**Exercise instructions**
Leave every picture out and print exactly the lines that run from the one containing "Baseline DoMore Rows: Escape - Living Room" to the end of the listing.

**Data excerpt**
--------
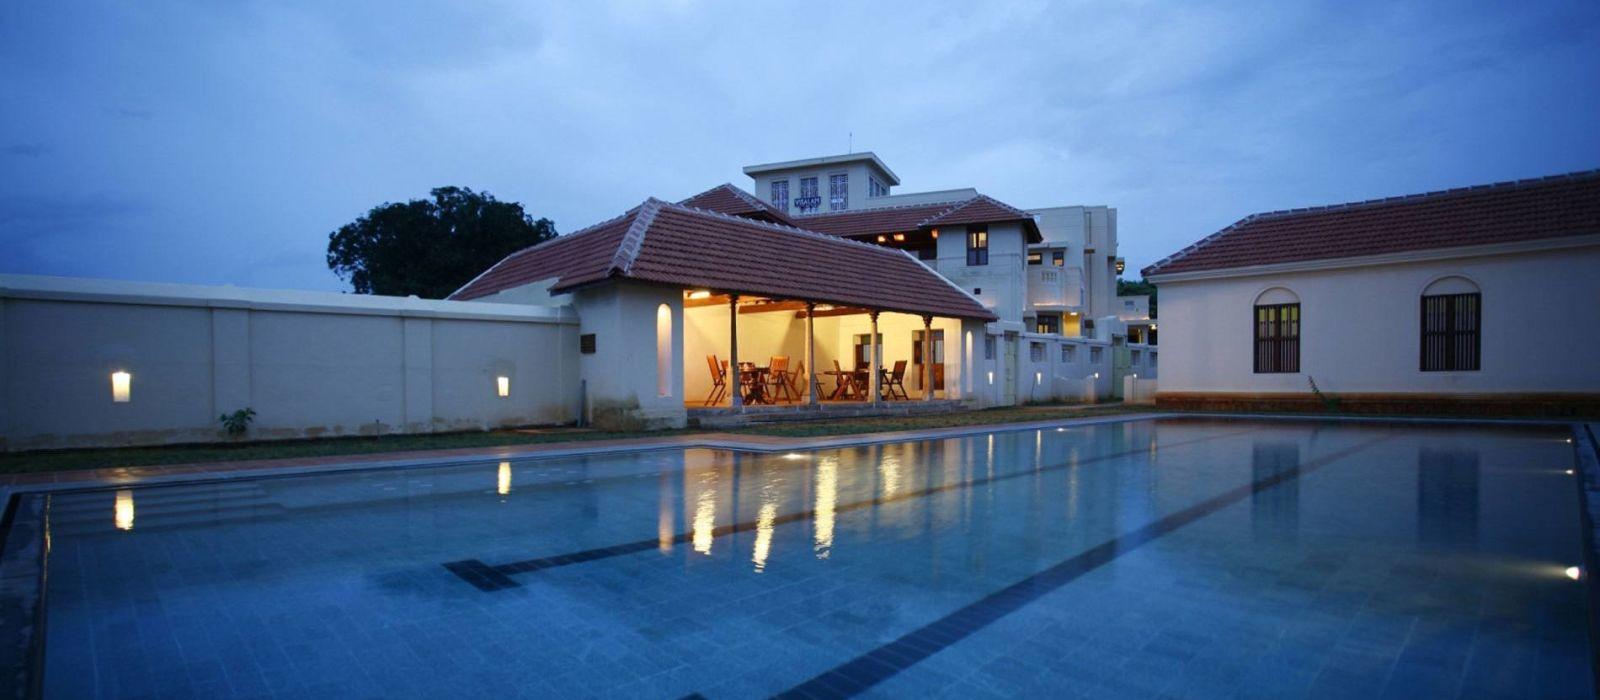 Hotel Visalam Südindien
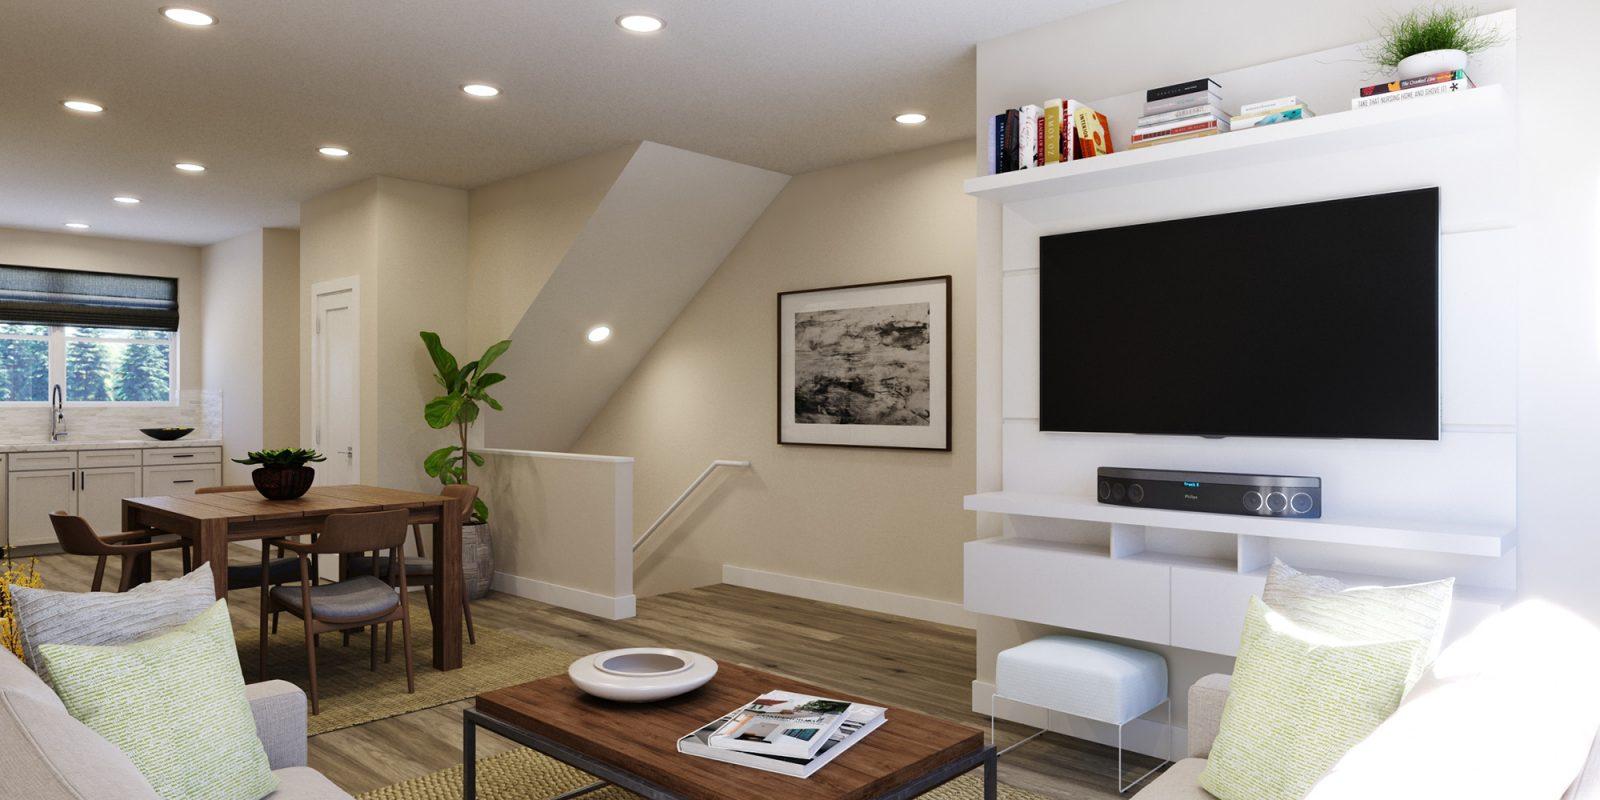 Baseline DoMore Rows: Escape - Living Room
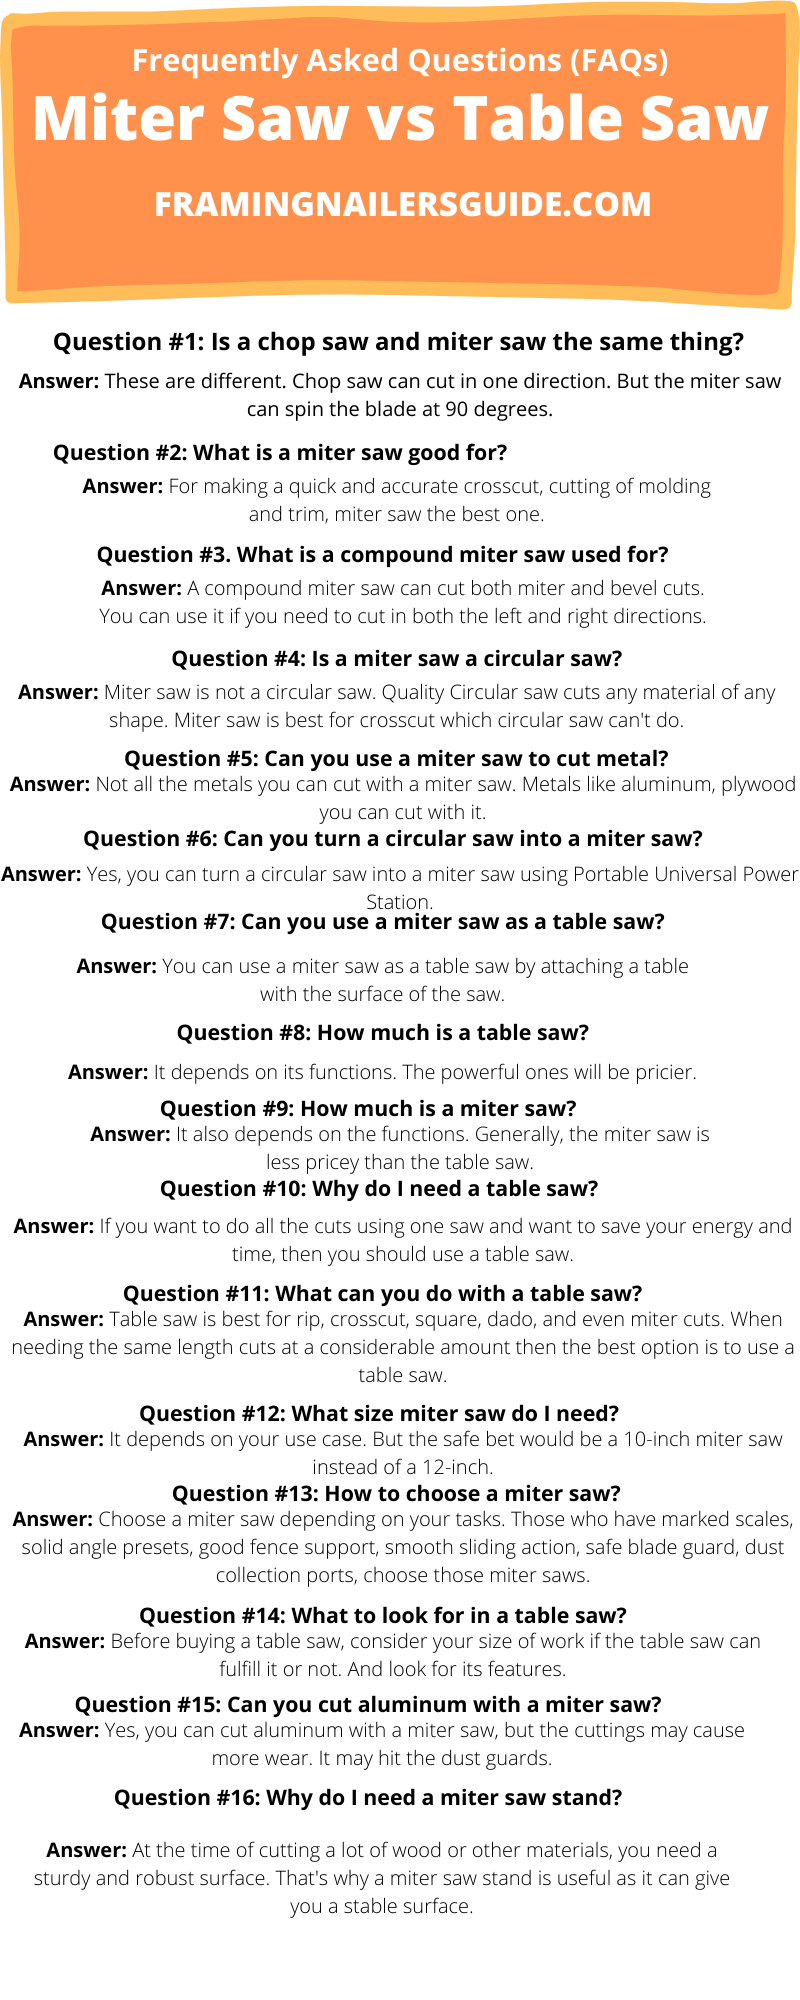 table saw vs miter saw FAQs
--------
**Task answer**
 Baseline DoMore Rows: Escape - Living Room
 table saw vs miter saw FAQs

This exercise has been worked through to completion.